The opening line in Section 6 states: “It is the policy of the Nigerian government to promote local entrepreneurship in the creative industry in Nigeria. In the actualization of this policy the broadcast industry in Nigeria shall promote the full exploitation of Rights to sports and other programming content for the broad benefits of Nigerians. Therefore, the exclusive exploitation of rights even when acquired is not permissible in Nigeria”

Under Acquisition of Sports Rights, the Code says in 6.2.1 “Nigeria shall not be bundled in the same basket with other countries in the sale of football rights.”

This was introduced some years ago and some of us canvassed it without restraints and it came with unexpected consequences and business failure. But this does not strip it of the patriotic relevance.

Here are two other sections of the Code that deserve very close scrutiny. Section 6.2.5 states as follows: “To ensure fair and effective competition on all platforms at an agreed fee, rights owners to Live Foreign Sporting Events shall offer the rights to Broadcasters on the different platforms stated below: a. Satellite DTH, b. Multipoint Microwave Distribution System (MMDS), c. Cable (Fibre Optics), d. DTT (Terrestrial), e. Internet, f. Mobile, g. Internet Protocol Television (IPTV), and h. Radio.

Please, permit me to add Section 9.1.1 under Wholesale Offer. It says for the purpose of ensuring the widest possible distribution and viewership of content considered critical to the success and sustainability of new entrants in the Pay TV industry in Nigeria, the Broadcasters shall ensure access by all Pay TV platforms to premium content in the Sports and News genre to generate effective competition at the wholesale level for such genres.”

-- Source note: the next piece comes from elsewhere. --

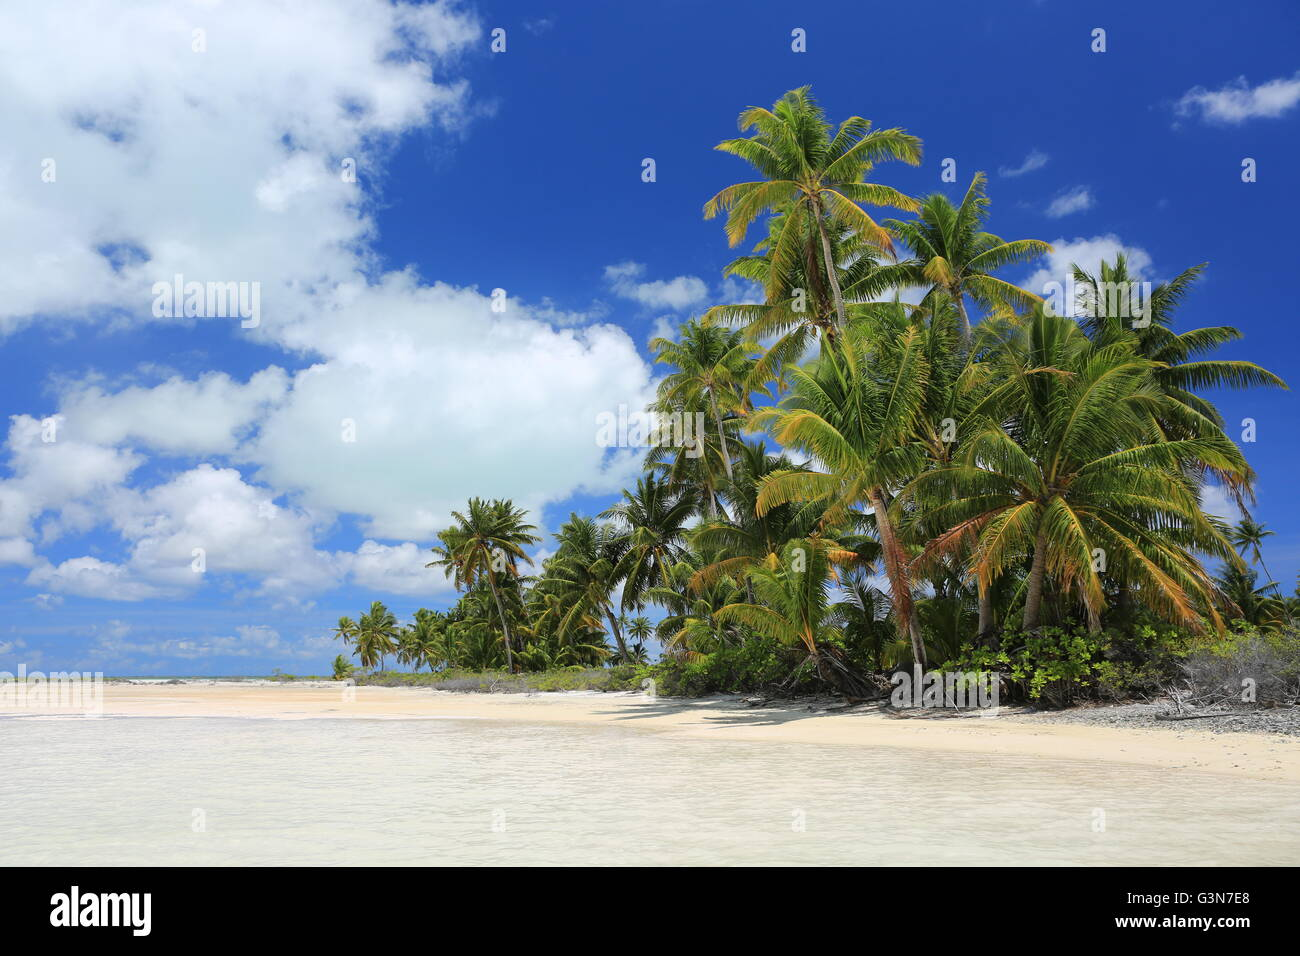 Coconut palms at the beach, Christmas Island, Kiribati - Stock Image
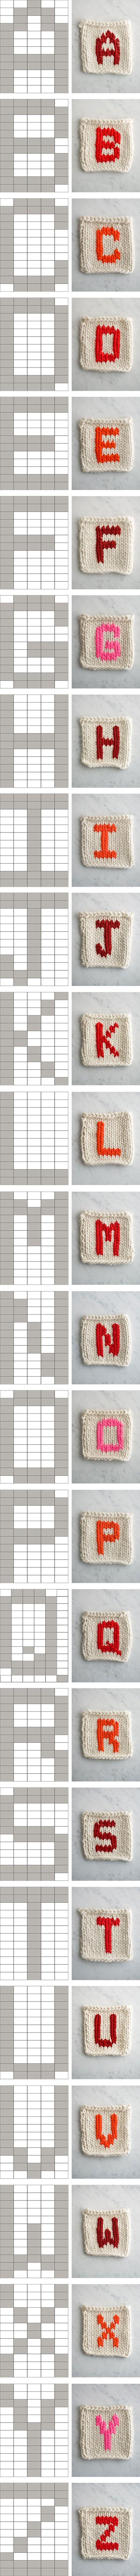 39 best bordado en punto images on Pinterest | Bordado, Tejidos de ...

Following from the points raised above, I am pressed to say that I have gone through the amended Code and can see lots of patriotism and good intentions, even vaunting patriotism. I will therefore make the following observations:

  • *The broadcast market is an open market where people shop for what they want, just like any open market in Abuja, if stripped of technology accoutrement.
  • *All contents are essentially raw until you begin to build them into attractive packages and channels
  • *TV especially Satellite, Cable and IPTV, among others, depends on premium programming
  • *Broadcasters build premium channels for niche audiences, which sometimes are segmented, for onward marketing to advertisers; niche audiences marketed to advertisers
  • *There are business decisions which should be left to business or broadcast partners for them to hammer out a relationship.
  • *TV avails are paid for by subscribers and advertisers who are more interested in professionalism than patriotism. But know that patriotism can professionally be packaged to attract commercial interests.
  • *Most broadcasters build premium channels to have a special cut of the market. This is not abominable. What is abominable is the fraudulent who wants to hide under patriotism to destabilize the market.

In spite of some exciting takeaways, the amended Code in the main, is an attack on market democracy. It leaves little encouragement for people to scrutinize why some local broadcast businesses fail in Nigeria and can hardly go beyond our shores while foreigners succeed. What springs hope here is that the life of a Broadcasting Code is two years. It is recommended that the NBC should not begin to savor a mission accomplished but should immediately commence stakeholder engagement on creating a better industry and working on a robust document that will be less discriminatory.